黑暗像是潮水,瞬间淹没了程之杰的意识。
身体被黑影吞噬的刹那,他以为自己会被那股毁天灭地的执念撕碎,可预想中的剧痛并未袭来。周遭反而异常安静,静得能听见自己血液流淌的声音,还有那道苍老的声音,在耳边缓缓回响。
“孩子……别怕……”
程之杰猛地睁开眼,发现自己置身于一片混沌的白光之中。脚下是柔软的云絮,西周漂浮着无数细碎的光影,那些都是被渡影门吸纳的逝者执念,此刻却温顺得像被安抚的孩子,不再有半分戾气。
而在他面前,站着那个从铁牌里浮现的苍老虚影。
老人穿着一身洗得发白的粗布长衫,须发皆白,脸上的皱纹像是刻满了岁月的痕迹,眼神却温和得像一汪春水。他看着程之杰,嘴角噙着一抹慈祥的笑意,和之前在脑海里响起的声音,一模一样。
“你是谁?”程之杰的声音带着一丝颤抖,他能感觉到,这个老人身上的气息,和自己的本源之力,有着一种奇妙的共鸣。
老人没有立刻回答,只是缓缓抬起手,指尖轻轻拂过程之杰的额头。一股温热的力量顺着指尖涌入,瞬间抚平了他体内翻涌的气血,连带着之前战斗留下的疲惫,也消散了大半。
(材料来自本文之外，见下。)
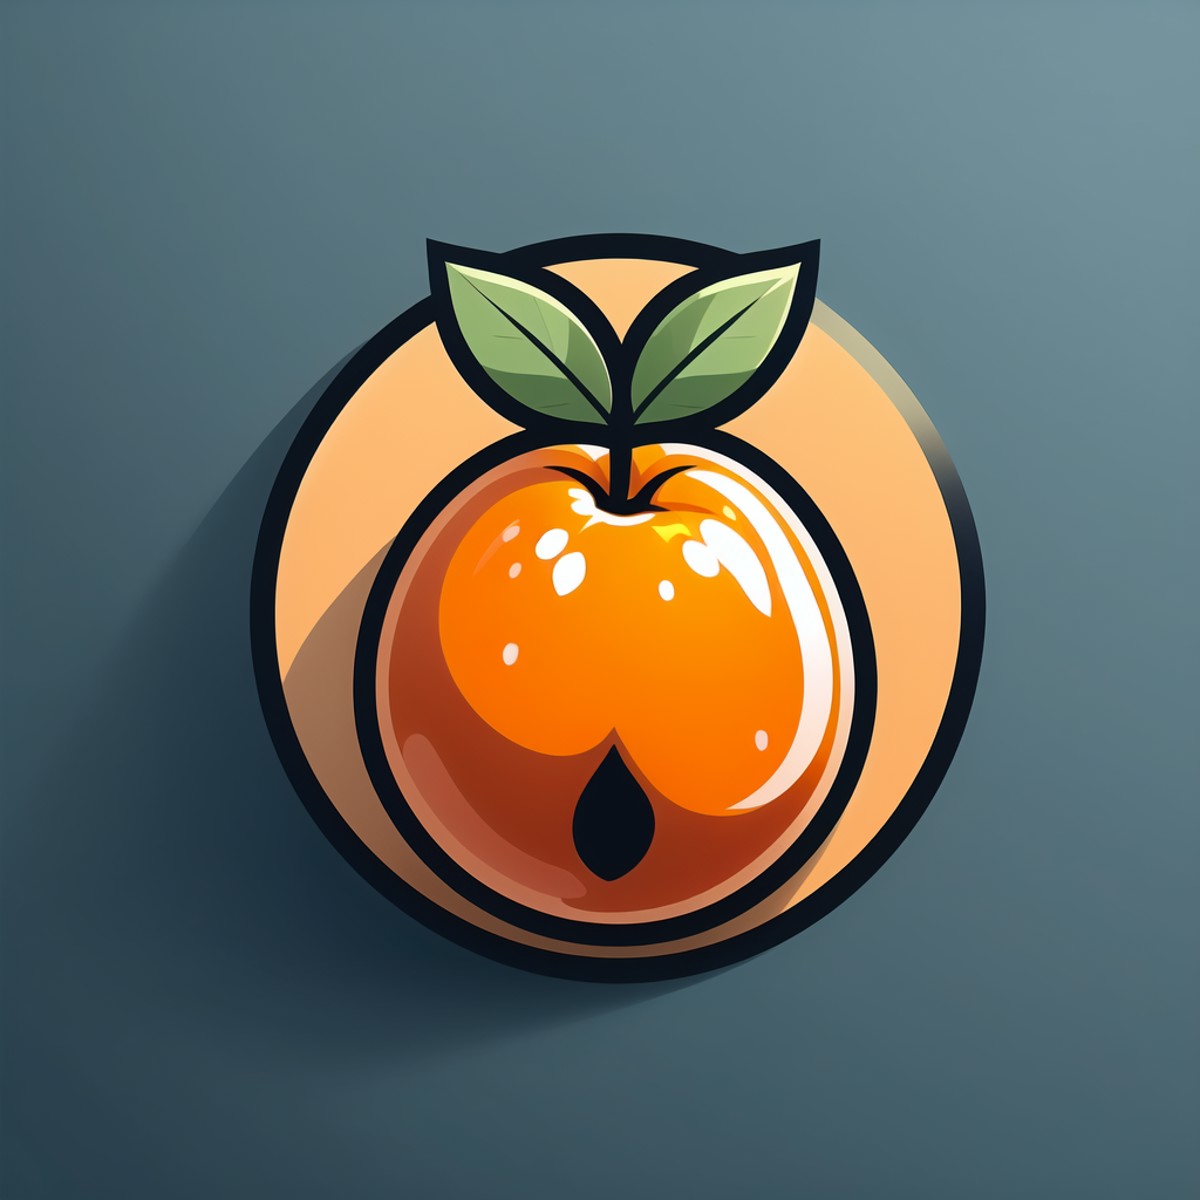 (masterpiece, best quality:1.1), (round logo:1.05), no humans, a juicy orange nectarine, tangy, sweet, fruit, orchard, gra...

“我叫程远山。”老人的声音很轻,却像一道惊雷,在程之杰的脑海里炸响。
程远山……
这个名字,和他的名字,只有几字之差。
程之杰的瞳孔骤然收缩,心脏狂跳不止:“你……你是我的亲人?”
老人点了点头,眼神里充满了欣慰:“没错,我是你的祖父。”
“祖父?”程之杰愣住了,他从小在孤儿院长大,从来没有人告诉过他,自己还有亲人。他看着老人的虚影,眼眶微微泛红,“那你为什么……会在铁牌里?”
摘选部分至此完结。